Border highway vs. Cibao highway
The president of the National Border Council Radhames Batista has spoken out against the construction of the Cibao-Sur highway that would cut through the Central Cordillera. He said this would affect three protected national parks and 15 river sources. He said that it would have a catastrophic effect on the environment. Radhames Batista says that instead of building the Cibao-Sur, the Monte Cristi-Pedernales highway was needed to benefit the large impoverished population that lives along the border.

US crisis smaller than DR crisis
Economist Hector Salcedo has told Hoy that the US financial crisis is smaller in proportion than the crisis that affected the Dominican banking sector in 2003. He said that the salvage operation for fraud at Mercantil, Bancredito and Baninter banks represented 18% of the country's Gross Domestic Product. He said that in the US, the financial bale-out only represents 5% of the GDP. Furthermore, he said the US has more mechanisms for tackling the crisis.

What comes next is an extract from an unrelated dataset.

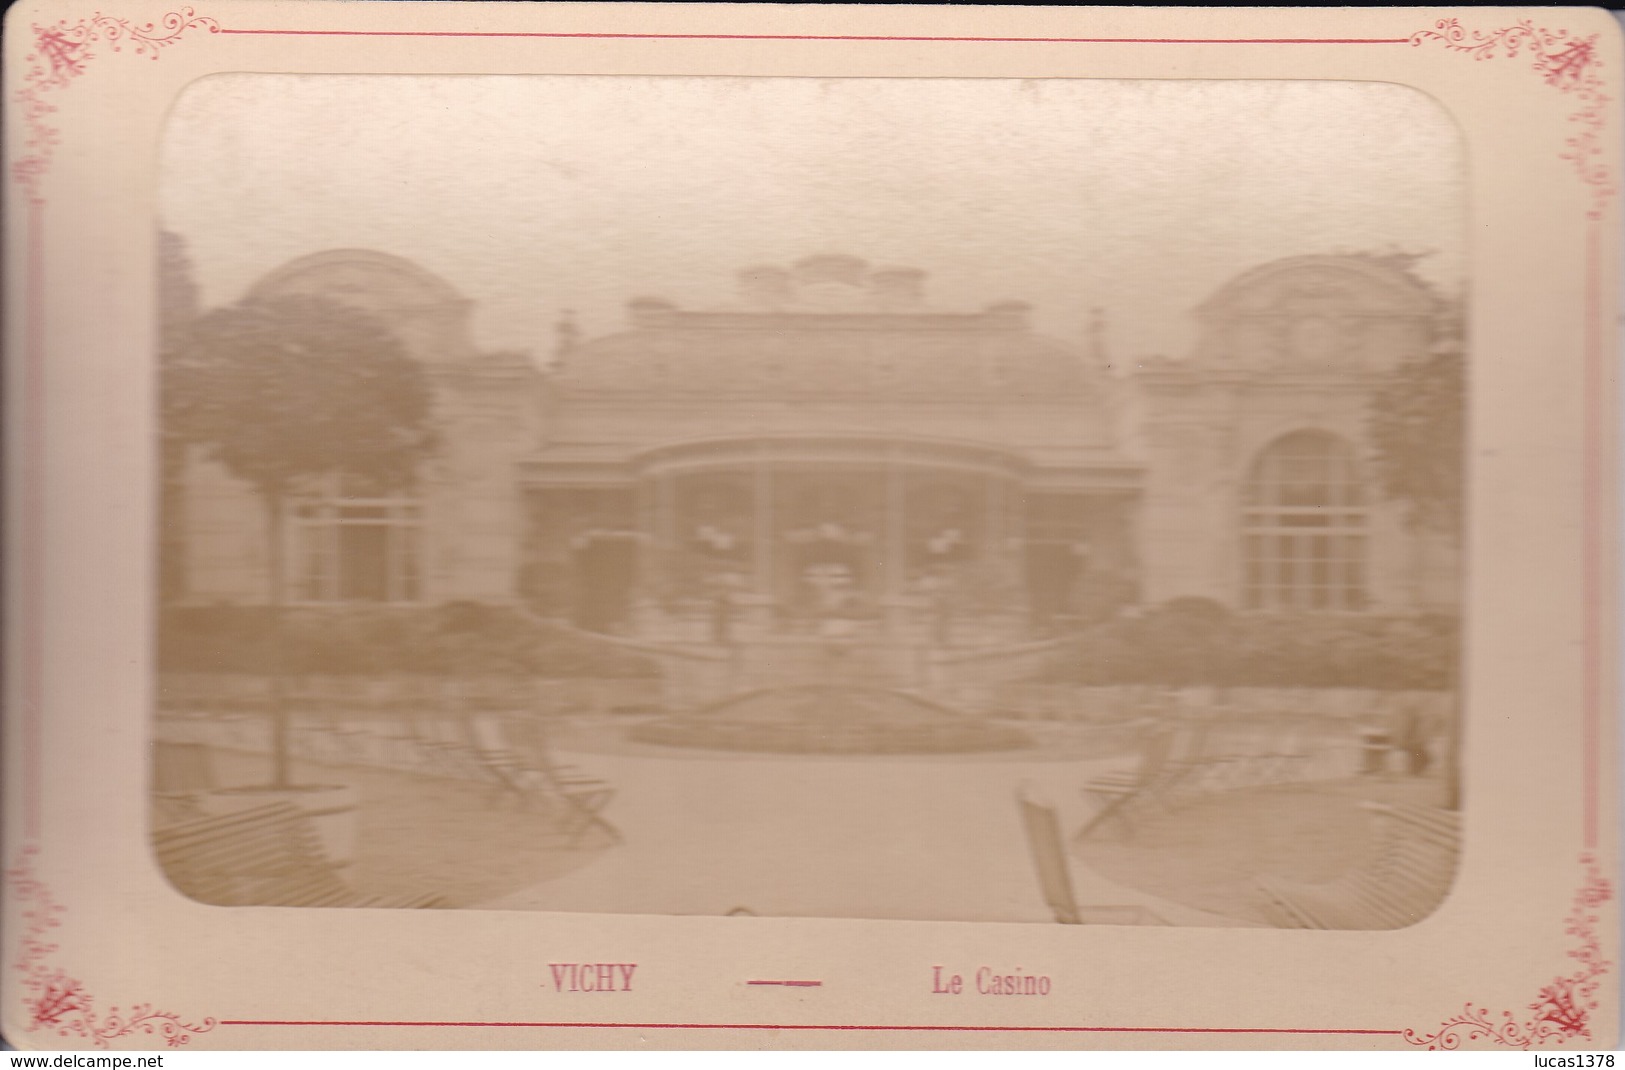 03 / VICHY / LE CASINO /   PHOTO COLLEE SUR CARTON - FIN XIXe DEBUT XXe Siècle / 16 X 10 CM - Anciennes (Av. 1900)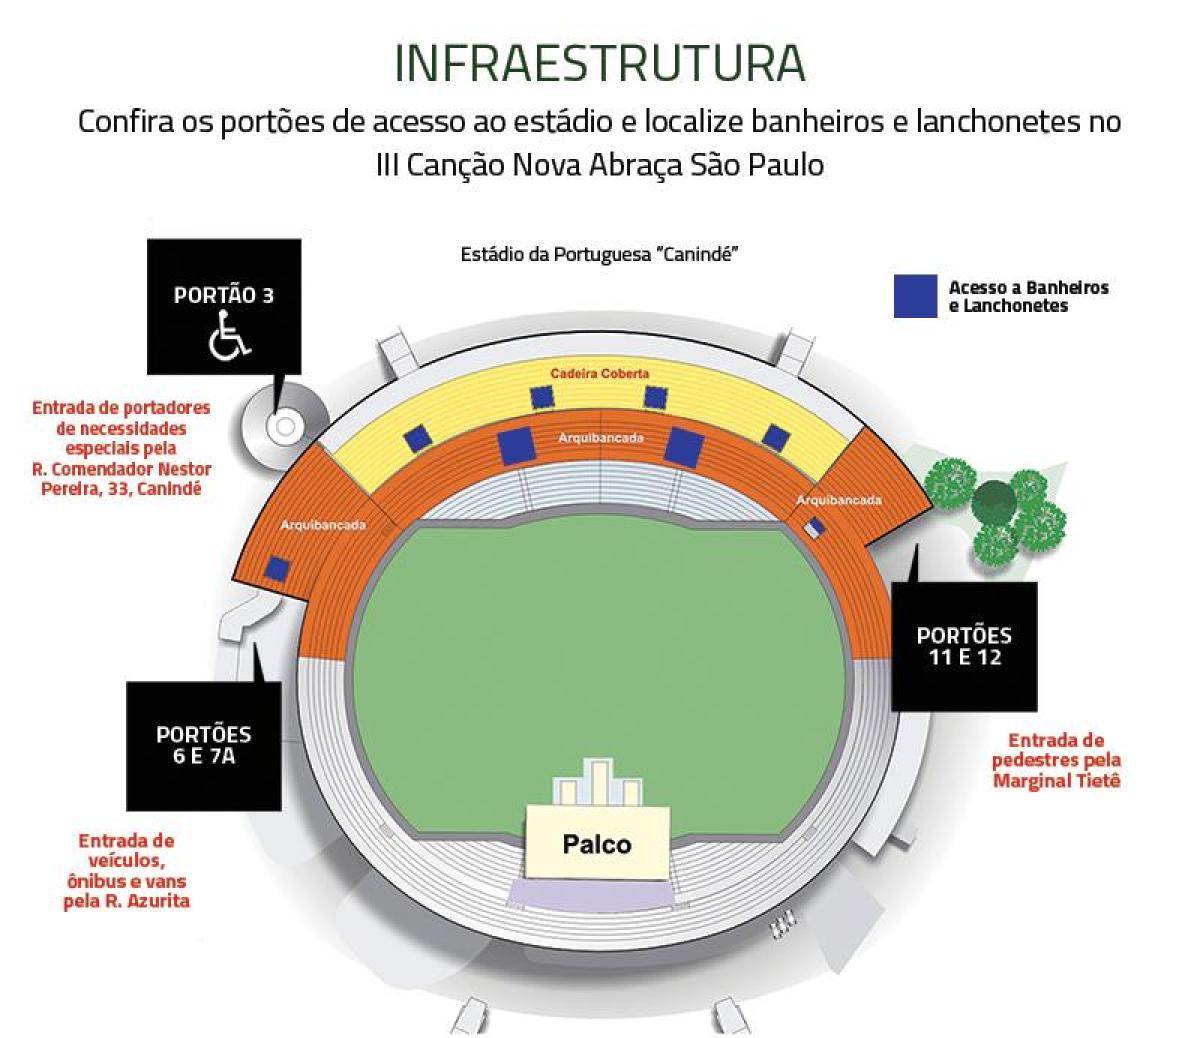 نقشه کنیند ورزشگاه سن پائولو

Lockward sentenced for defamation
Newly appointed ambassador to Colombia Angel Lockward has been ordered to pay a RD$500 fine and RD$2 million in compensation for defamation against Judge Alejandro Vargas. Lockward is an erstwhile PRSC political activist who has also held numerous jobs in the governments of former Presidents Joaquin Balaguer, Hipolito Mejia and now, Leonel Fernandez. During former President Hipolito Mejia's government he was accused of a corruption scam while at the Ministry of Industry and Commerce, but under the Fernandez government the state prosecution withdrew the charges and the case was dropped.

Burgos gets three months
New York Mets pitcher Ambioris Burgos has been sentenced to three months preventive custody for his alleged role in a hit and run accident in which two women were killed. Burgos's cousin had originally taken the blame for the accident, saying that Burgos was an accomplice. Burgos then fled and was nowhere to be found in the days following the accident. The preventive custody sentence is only in reference to transit Law 241. Judges have yet to hear the homicide charges against Burgos.

Italian deported
The General Prosecutor's office has handed over Italian Massimo Dalla Mora to Interpol for deportation to Italy, as reported on the Huchi Lora CDN afternoon radio talk show. The Italian authorities had requested his extradition since he has more than 10 arrest orders and three sentences pending for fulfillment in Italy. After his arrest he complained to the press that a Dominican Interpol colonel had asked him for US$30,000 in return for not deporting him. Colonel Bello Arias has since been suspended from the force. When making his claim to the press, Dalla Mora had said he had been taken to the Police station following a simple traffic incident.

House arrest still undecided
Judge Francisco Mejia Angomas has delayed the announcement of his decision on the house arrest petition by convicted former Baninter vice president Vivian Lubrano until 22 October. Lubrano is claiming health problems. The state prosecutor favors the option of house arrest. Lubrano's doctors say she has serious gastric, cardiac and psychiatric problems. She was sentenced to five years in Najayo jail for her role in the Baninter bank fraud, but has not spent a single day in jail and was instead allowed to be hospitalized at the Abel Gonzalez Advanced Medical Center after suffering a panic attack on the day she was due to start her jail term. News reports suggest that her house arrest would take place at her Casa de Campo villa in La Romana. The judge's decision is likely to be controversial, as many would say that Lubrano was being granted a privilege that is not extended to those with fewer resources.